SSIS Data flow with Case statements

Question

SSIS Data flow with Case statements

Andre 425568

SSCrazy

Points: 2314
More actions
October 29, 2014 at 4:26 am

#294583

Hi
I would like to know how I can add the following sample code to my Source data on Data Flow on SSIS, or what other options there are. The main issue is time as we have talking about 100's of millions of rows
select Sample,
CASE
WHEN Sample IS NULL
THEN NULL
WHEN SUBSTRING(Sample, 1, 6) IS NULL
THEN ' '
ELSE RTRIM(SUBSTRING(Sample, 1, 6))
END AS [Sample_1_6]
from TestTable
what I have done at this stage is just to Create a SQL task with a
Insert into
INSERT INTO [dbo].[TestTable1]
([Sample]
,[Sample_1_6])
select Sample,
CASE WHEN Sample IS NULL =THEN NULL
WHEN SUBSTRING(Sample, 1, 6) IS NULL THEN ' '
ELSE RTRIM(SUBSTRING(Sample, 1, 6))
END AS [Sample_1_6]
from TestTable
If there is a way adding this to a dataflow so I van use fast load that would really be the best solution.
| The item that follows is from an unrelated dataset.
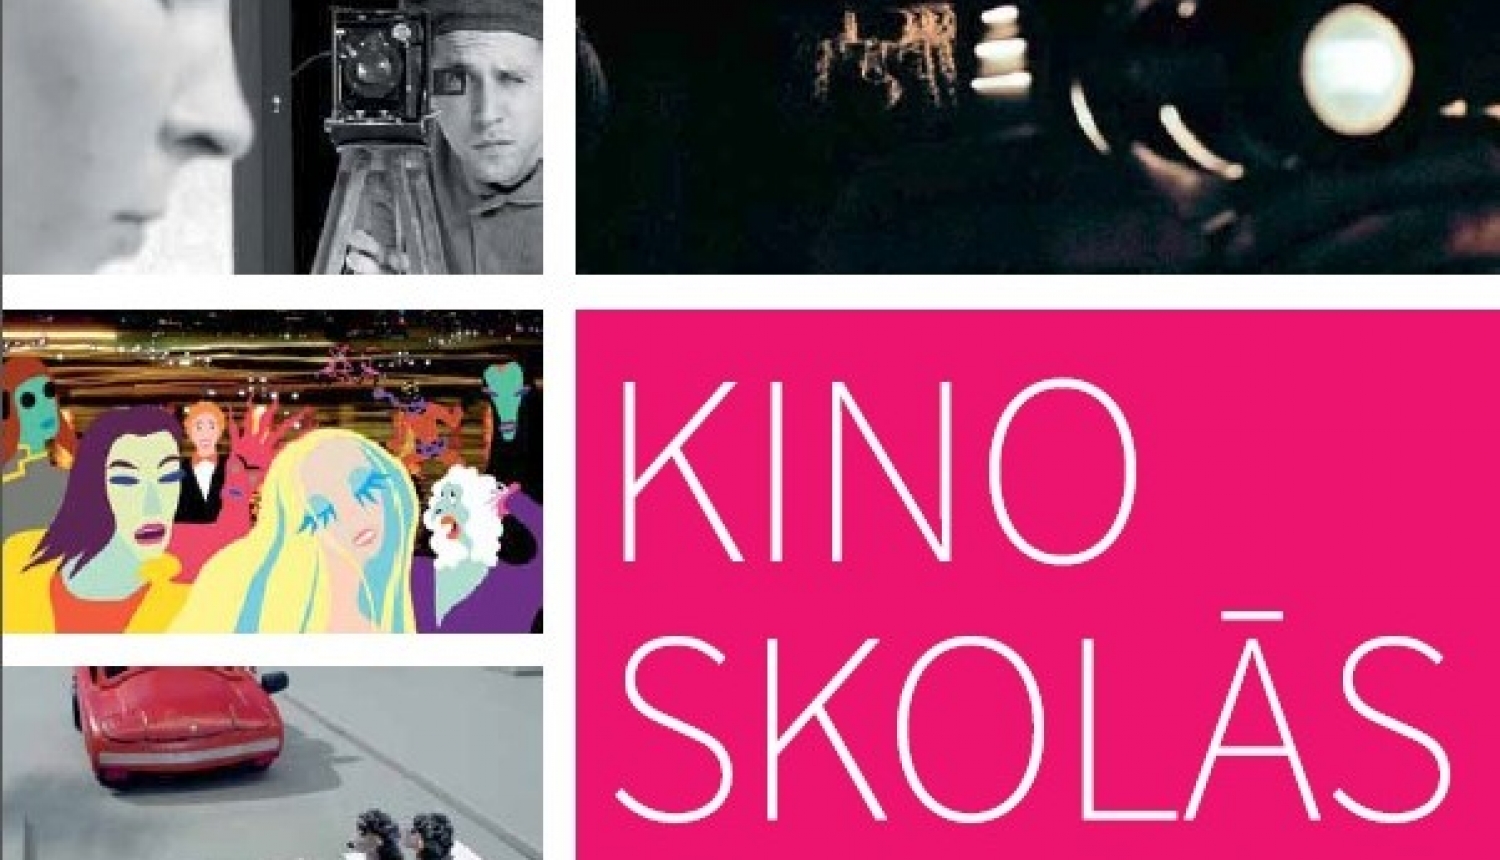 Launch of new film education intiative “Kino Skolās”

I know there are derived columns, but would this really be faster than the straight insert into in a SQL Task? If this is the way to go what is the code I would use in the derived column or any other option

Viewing 8 posts - 1 through 7 (of 7 total)

You must be logged in to reply to this topic. Login to reply

Koen Verbeeck SSC Guru Points: 259085 More actions · Answer 1

Your entire case statement can be rewritten as RTRIM(SUBSTRING(Sample, 1, 6)).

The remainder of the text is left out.